Search Expands to Indian Ocean for Missing Jet


Authorities are expanding their search of the Missing Malaysia Airlines jet much further west after new confirmation surfaced that it kept flying long after its locator signal was turned off.

Officials say the information suggests the plane was in the air for another four to five hours after they lost contact.

The search zone has expanded yet again in what's quickly becoming the most expensive aviation investigation ever.

Still authorities have few clues about where they Malaysian Airlines plane is or why it vanished.

"If we haven't found the aircraft with all the resources that are currently searching for the aircraft by the end of the week, then it becomes a secondary question which is, how long may it take us to find the aircraft? That could be an extended period," Hugh Dunleavy, Malaysia Airlines commercial director, said.

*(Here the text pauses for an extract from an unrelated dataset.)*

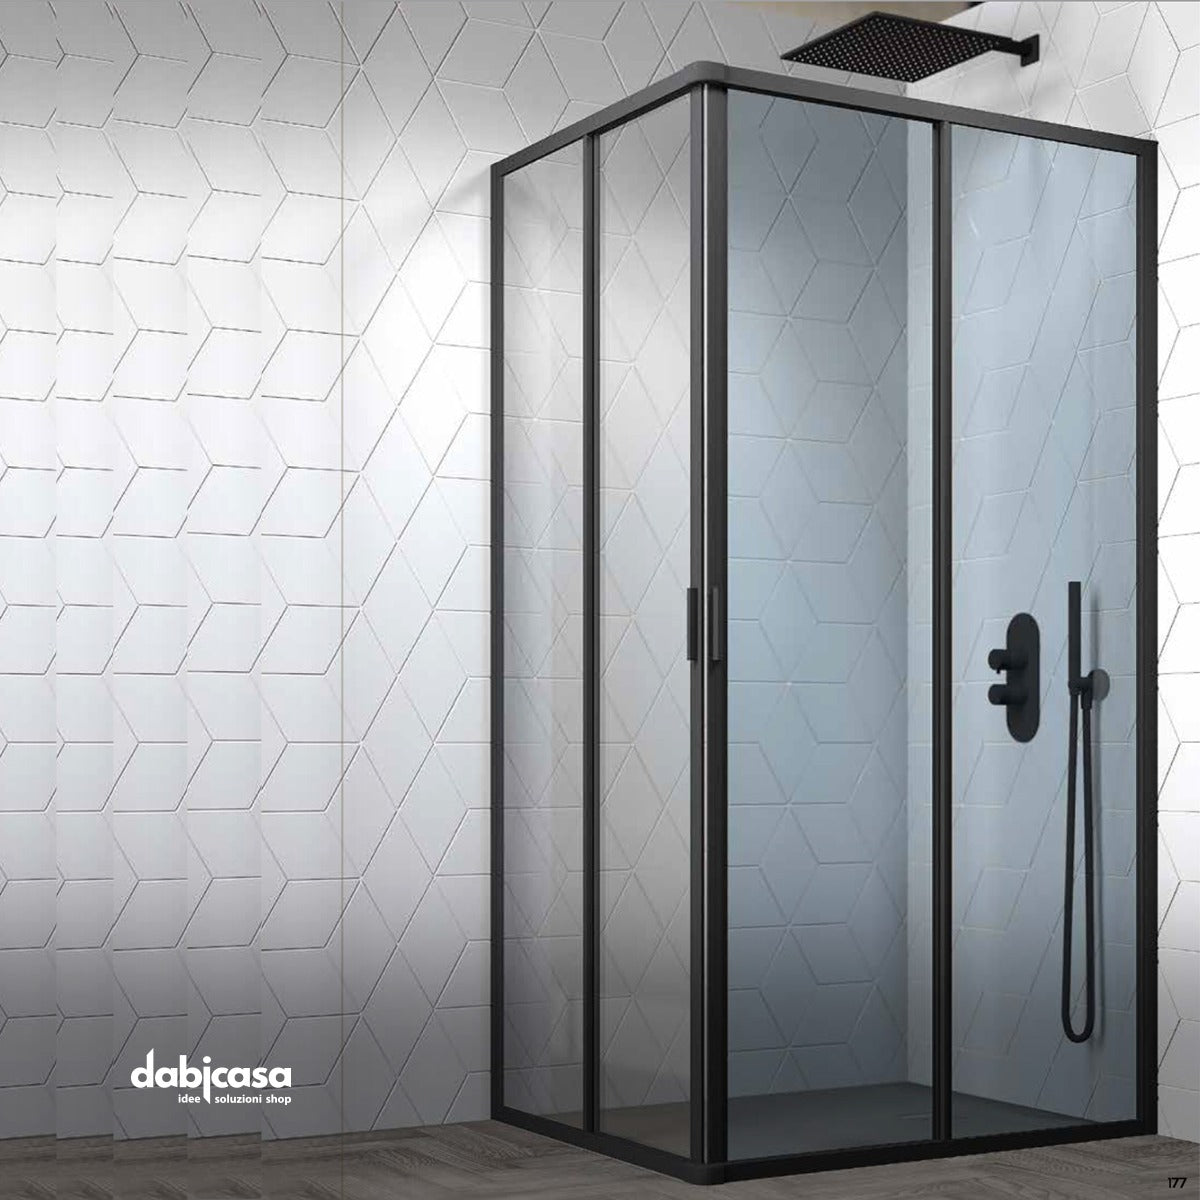 Box doccia "New Smeralda" angolare 70x70 in alluminio e pannello in vetro con profili nero essenza freeshipping - Dabicasa

The plane has been missing since early Saturday and aviation experts say the mounting evidence shows the plane's disappearance was most likely not an accident.

Late Thursday night ABC News quoted two unidentified American officials saying the United States believes the plane's two communication systems were shut down separately. That would mean the plane did not disappear because of some kind of mechanical failure.

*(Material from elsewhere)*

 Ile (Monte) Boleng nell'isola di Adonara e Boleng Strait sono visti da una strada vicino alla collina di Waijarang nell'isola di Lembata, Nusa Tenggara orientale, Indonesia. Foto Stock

The possibilities of what did happen keep growing, including the chances that a pilot wanted to commit suicide or someone with flying experience wanted to hijack the plane for a later purpose.

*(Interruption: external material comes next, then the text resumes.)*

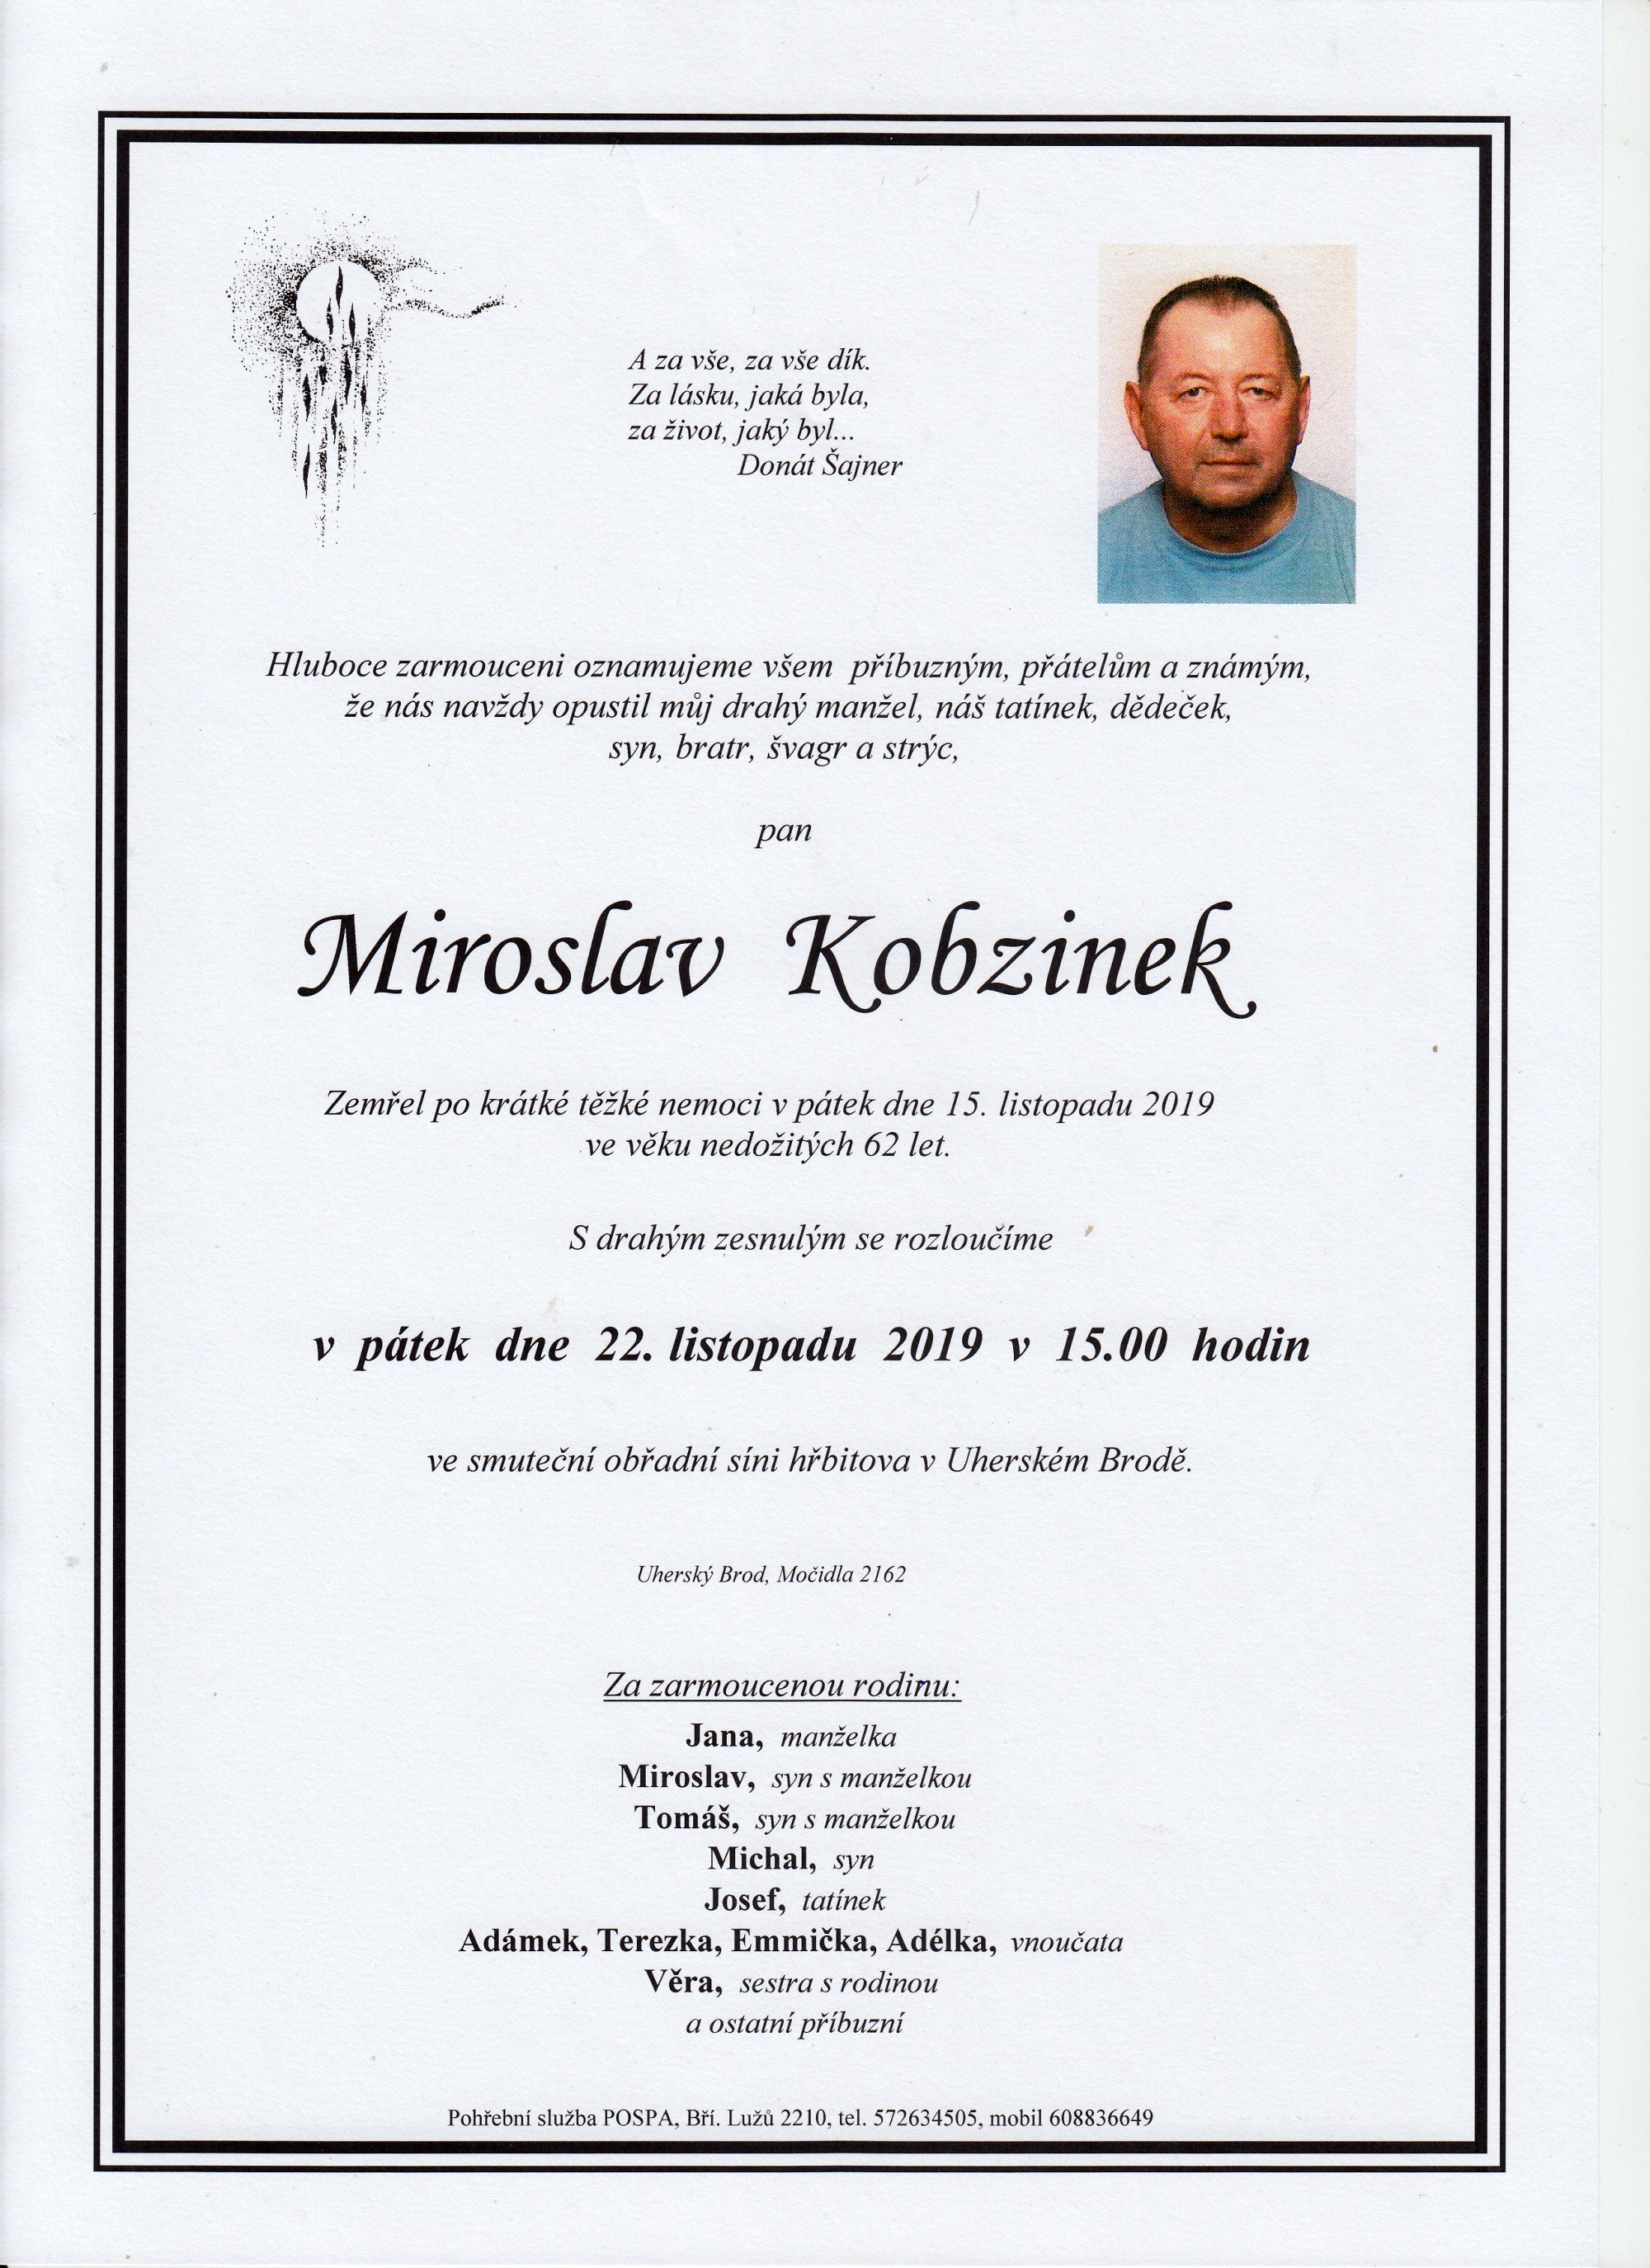 Miroslav Kobzinek

"An additional search area may be open in the Indian Ocean," Jay Carney, White House Press Secretary, said Thursday.

Authorities say they have several pings from the airlines service data system in the four to five hours after the last transponder signal...

That indicates the plane was still in the air, possibly putting it over the Indian Ocean rather than between Malaysia and Vietnam.

A U.S. destroyer is being moved into the Indian Ocean to begin a search in that area.